Por. Lúdico Ognimod
El hombre, en su errático caminar daba claros signos de incertidumbre, fraccionaba cada paso como intentando corregir su dirección. No vestía como acostumbran los mendigos, su ropa estaba limpia, aunque algo ajada, denotaba, quizás, un largo viaje sin más equipaje que el que pueden albergar cuatro bolsillos. Su mirada objetaba el cansancio con trémula opacidad.
Sintió que la tarde se despedía a sus espaldas y decidió detener su lerdo andar en una taguara de carretera, de esas donde suelen comer los camioneros y viajeros de pocos recursos, se sentó frente al mostrador, pidió agua y café ¿o viceversa? El dependiente del lugar, por un breve momento, dudó en atender su demanda, el hombre, como si adivinara el origen de las vacilaciones del empleado, sacó unos billetes de su bolsillo derecho del pantalón (en el bolsillo lateral izquierdo guardaba una daga enfundada en cuero) colocó el dinero sobre el mostrador sin pronunciar palabra alguna, pero con un seco toque sobre la madera del mostrador daba a entender que tenía como pagar; al otro lado del mostrador, el muchacho se apostó con algo de parsimonia frente a la vieja máquina Faema. El hombre con los codos apoyados sobre el mostrador miraba sus zapatos, a la vez unía la punta de estos con ansiedad y en forma insistente, hacia muecas con la boca dando impresión de ser portador de una gran angustia, como alguien que se enfrenta a un futuro condicionado por enormes restricciones, sus palabras eran tan escasas como su cordialidad.

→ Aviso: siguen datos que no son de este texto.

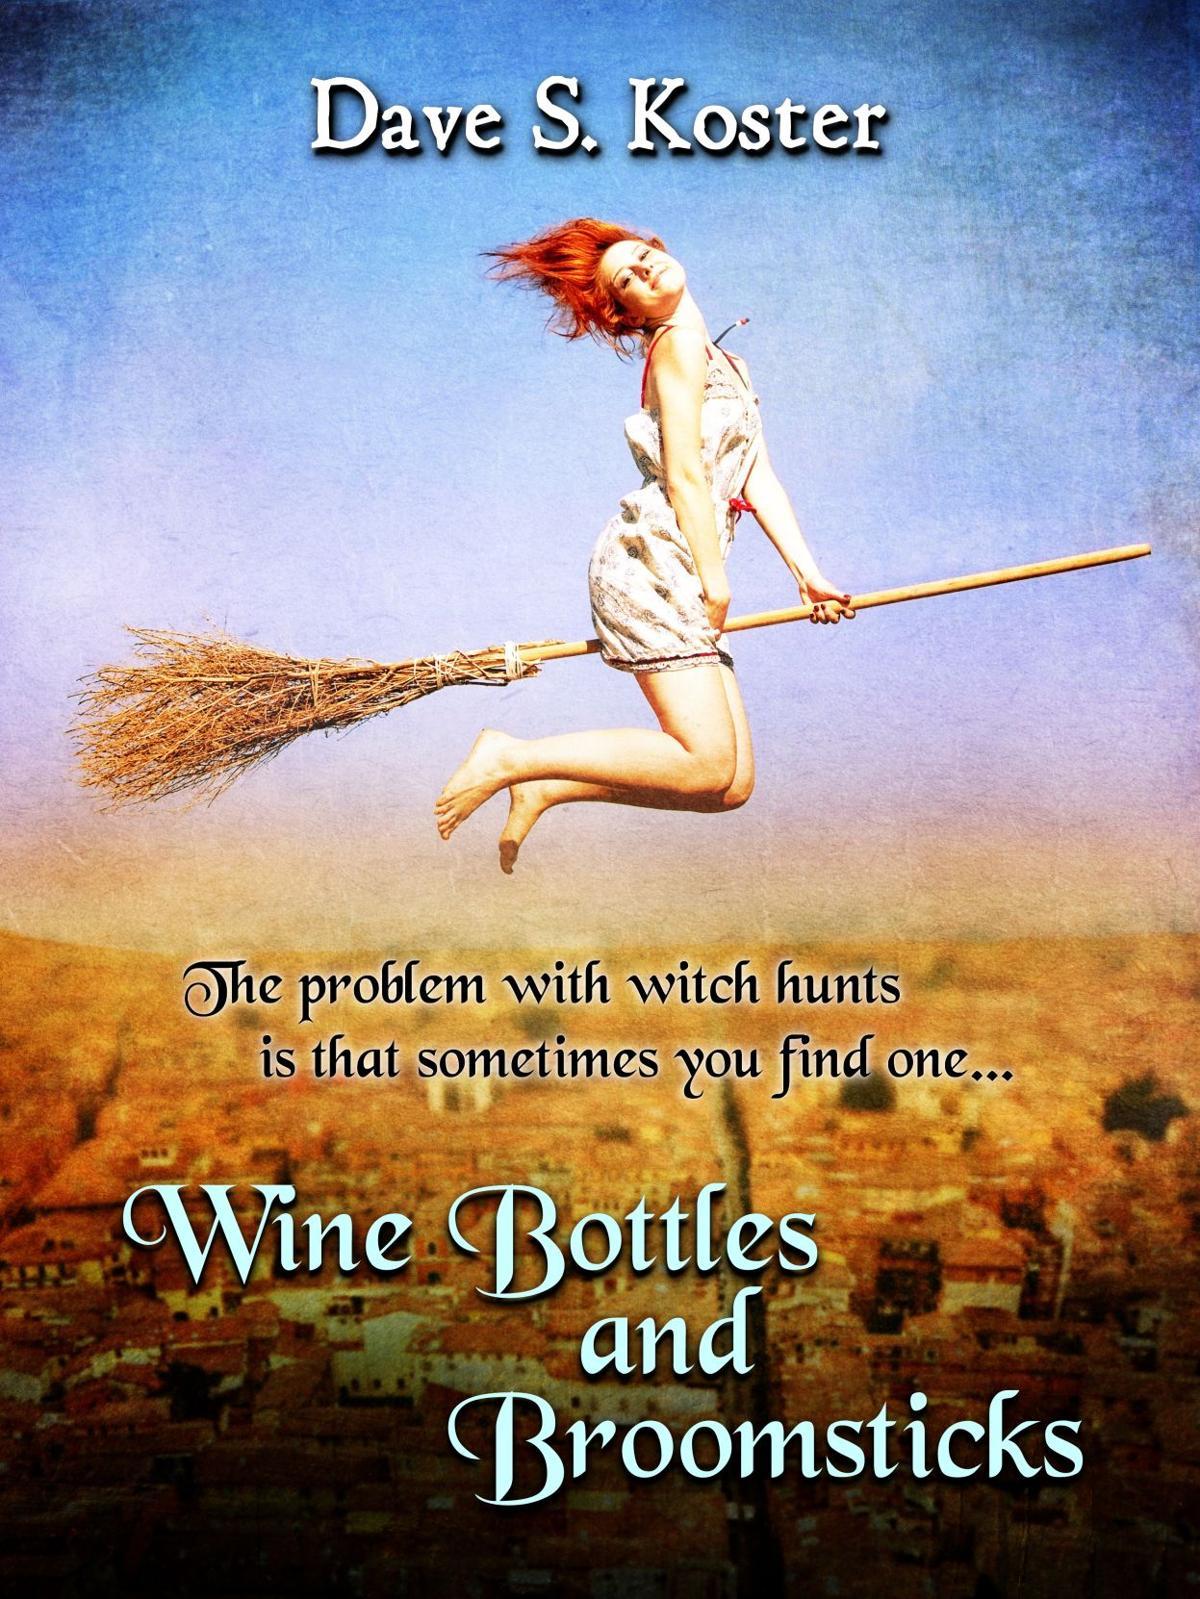 Wine Bottles and Broomsticks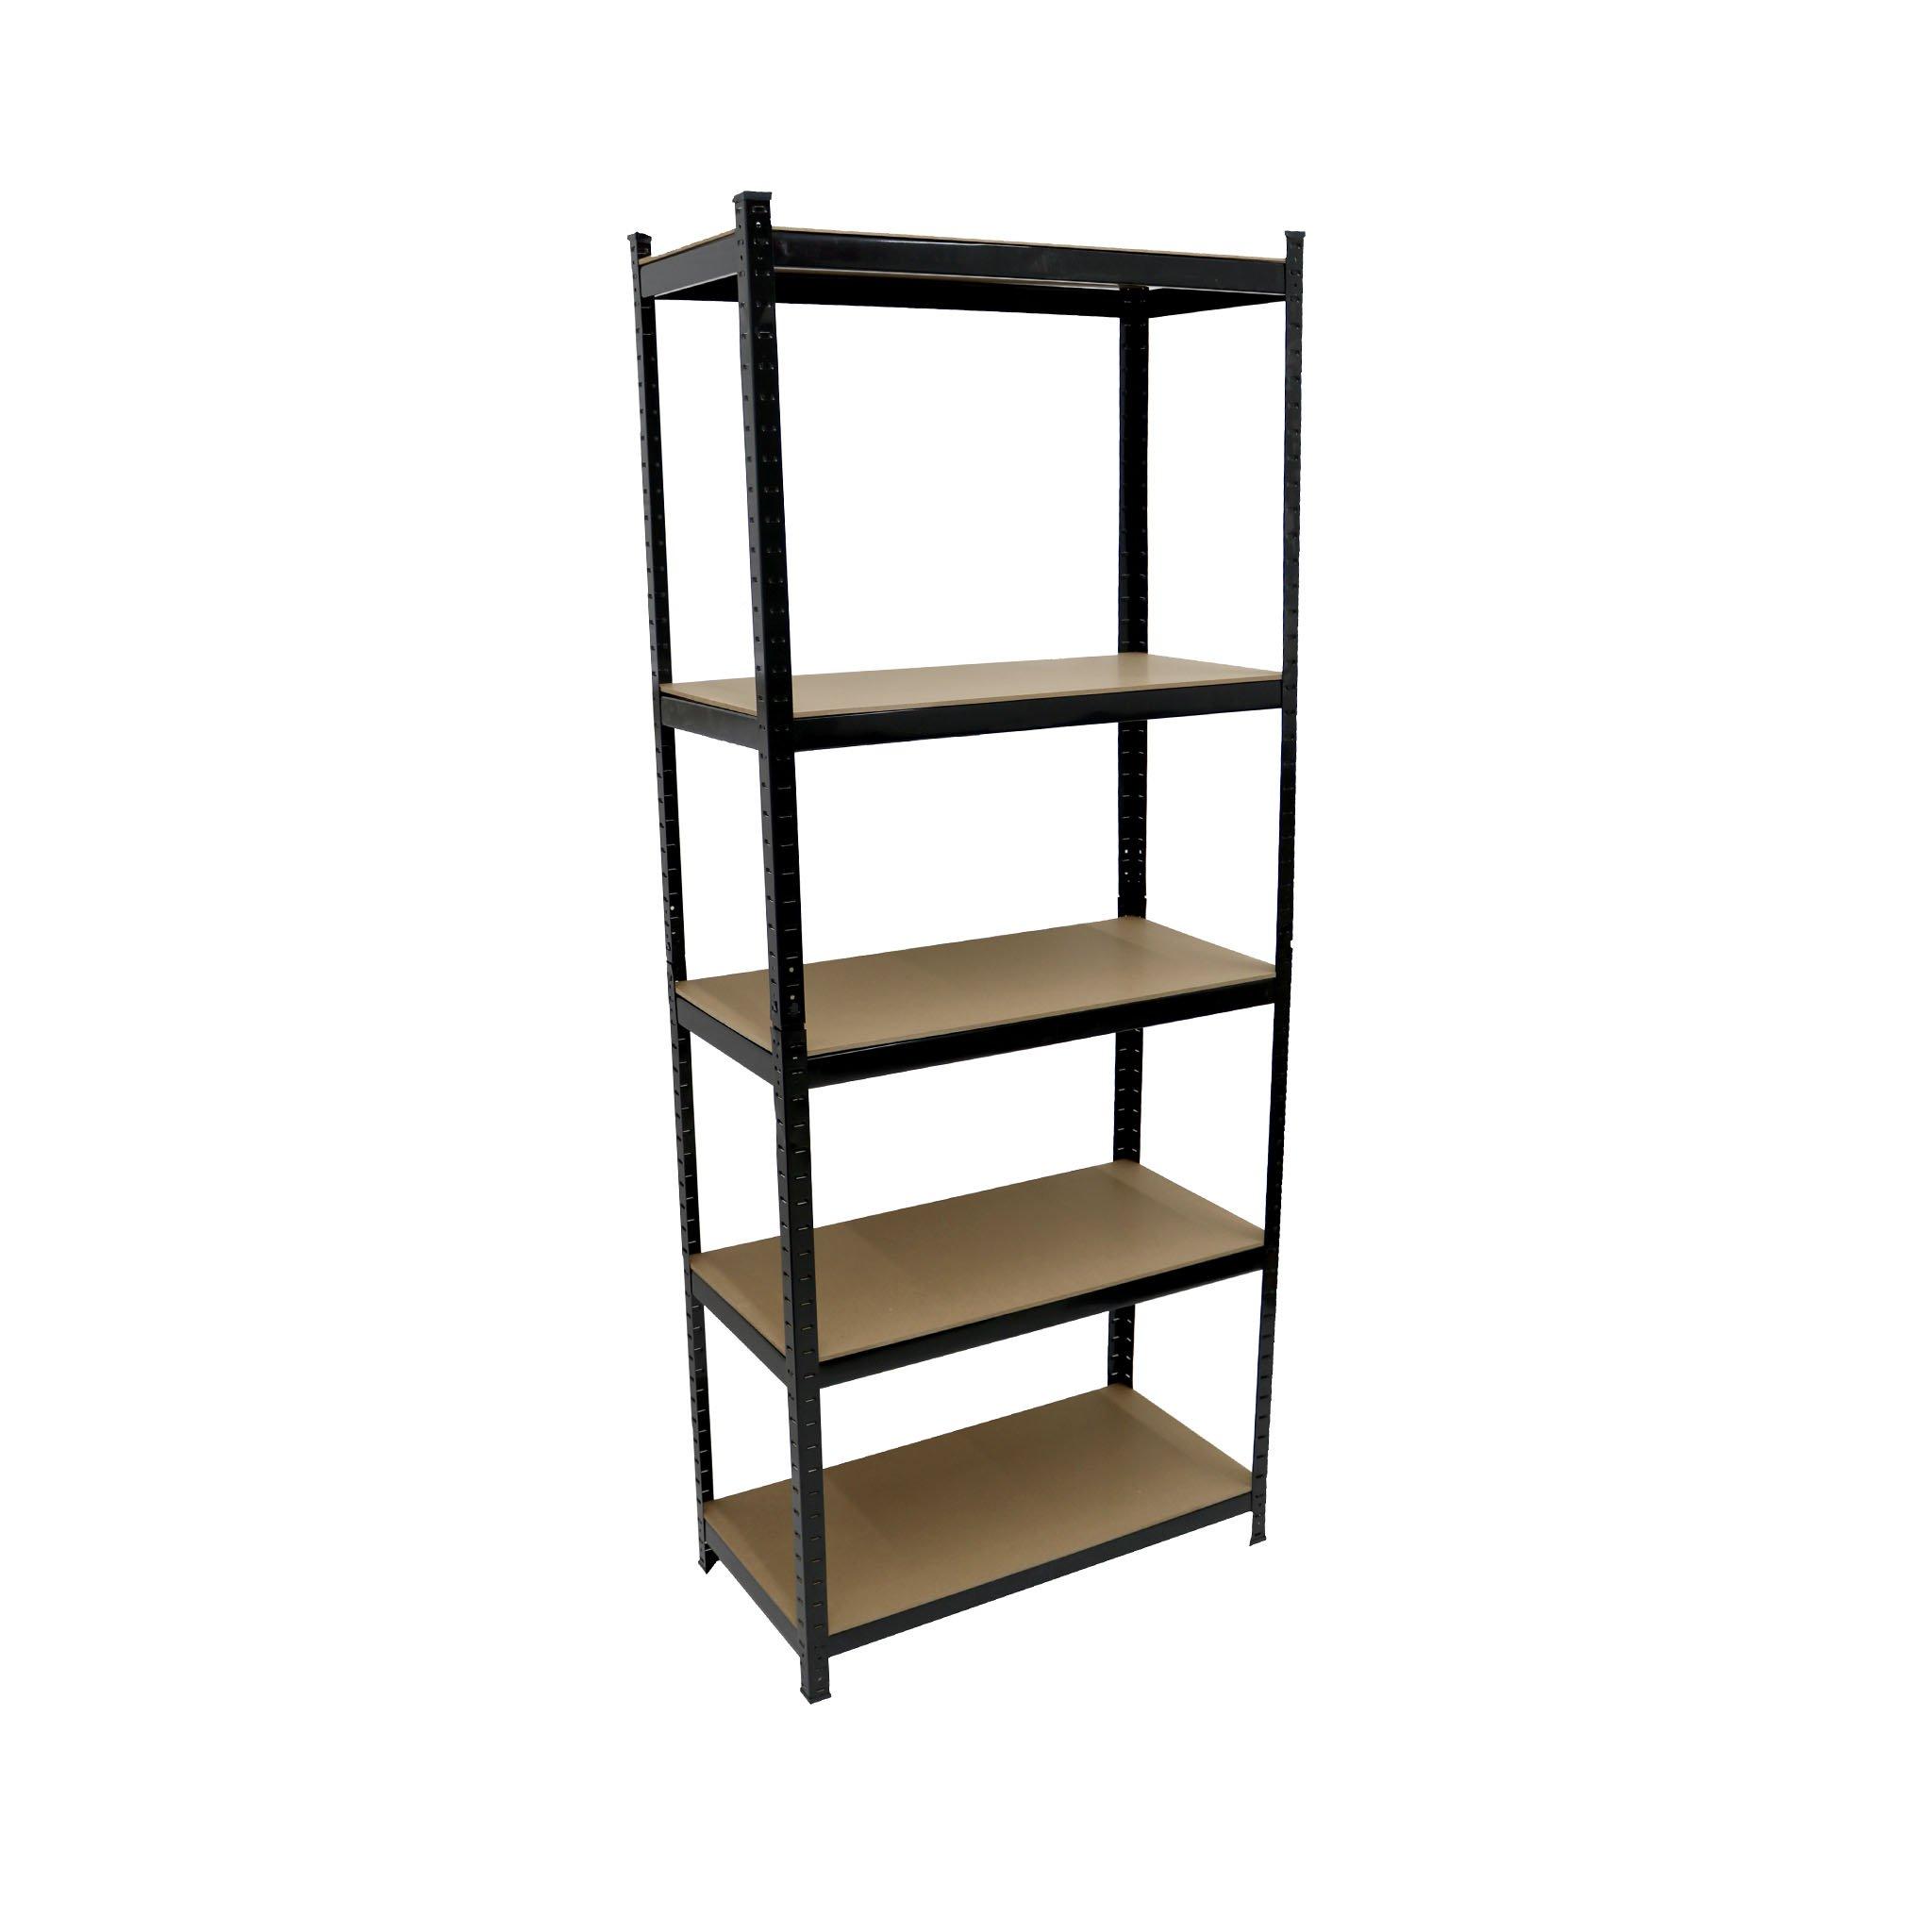 design garage hanging metal systems ideas ur custom excellent interior edsal black storage units tool cabinets shelving racks shelf cute

Algunos clientes asiduos visitantes del local, intercambiaban frases entre si desde una mesa contigua (hablaban de fútbol), amenizaban su conversación con frecuentes sorbos de cerveza, sin reparar en la presencia de aquel caminante algo taciturno que guardaba una daga (enfundada en cuero) en su bolsillo lateral izquierdo del pantalón. El ritual de preparación del café seguía su acostumbrada rutina con los sonidos característicos que produce el impacto de los pomos porta filtros contra los bordes del misterioso reservorio donde recogen el cipo, los simpáticos clics y soplidos previos al embrujador aroma, plañían impíamente en el silencio, silencio quizás añorado por el hombre, a juzgar por su actitud, por esa forma de enunciar a los ojos ajenos estados de ánimo, estigmas de derrota o dolorosos padecimientos. El alimento preferido del pertinaz prejuicio no es otro que la apariencia exterior. Es entonces cuando irrumpe el dialogo imprescindible para satisfacer dentro de conformidad la petición, ¿Cómo quiere el café? Preguntó en tono indiferente y despreocupado el dependiente. El hombre hizo girar su precario asiento a su diestra, acomodó con la mano contraria la daga que portaba en su bolsillo (lateral izquierdo), apoyó su codo derecho con cierta pedantería sobre el mostrador mientras acariciaba su barbilla con los dedos pulgar e índice, sin dejar de agarrar la daga que llevaba en su bolsillo lateral izquierdo exclamó, con voz sarcásticamente acentuada – Dámelo igual que yo… Expreso-
El muchacho desprevenido, despachó el café tal como lo sugirió el hombre sin advertir lo insinuado en el juego de palabras. Café y agua en recipientes plásticos desechables, como el entorno, como los humanos y sus sobrevaloradas almas. En la mesa contigua los clientes, cerveza en mano, seguían hablando de futbol sin percatar peligro alguno. El ex convicto se levantó, prosiguió su caminar sin rumbo cierto, con notable torpeza desapareció en la penumbra que brinda la noche incipiente, haciendo uso de una libertad traumada por las punzadas que su daga en algún tiempo proporcionó manifestando su infamia, en algún cuerpo indefenso de mujer, sobre el sector lateral izquierdo.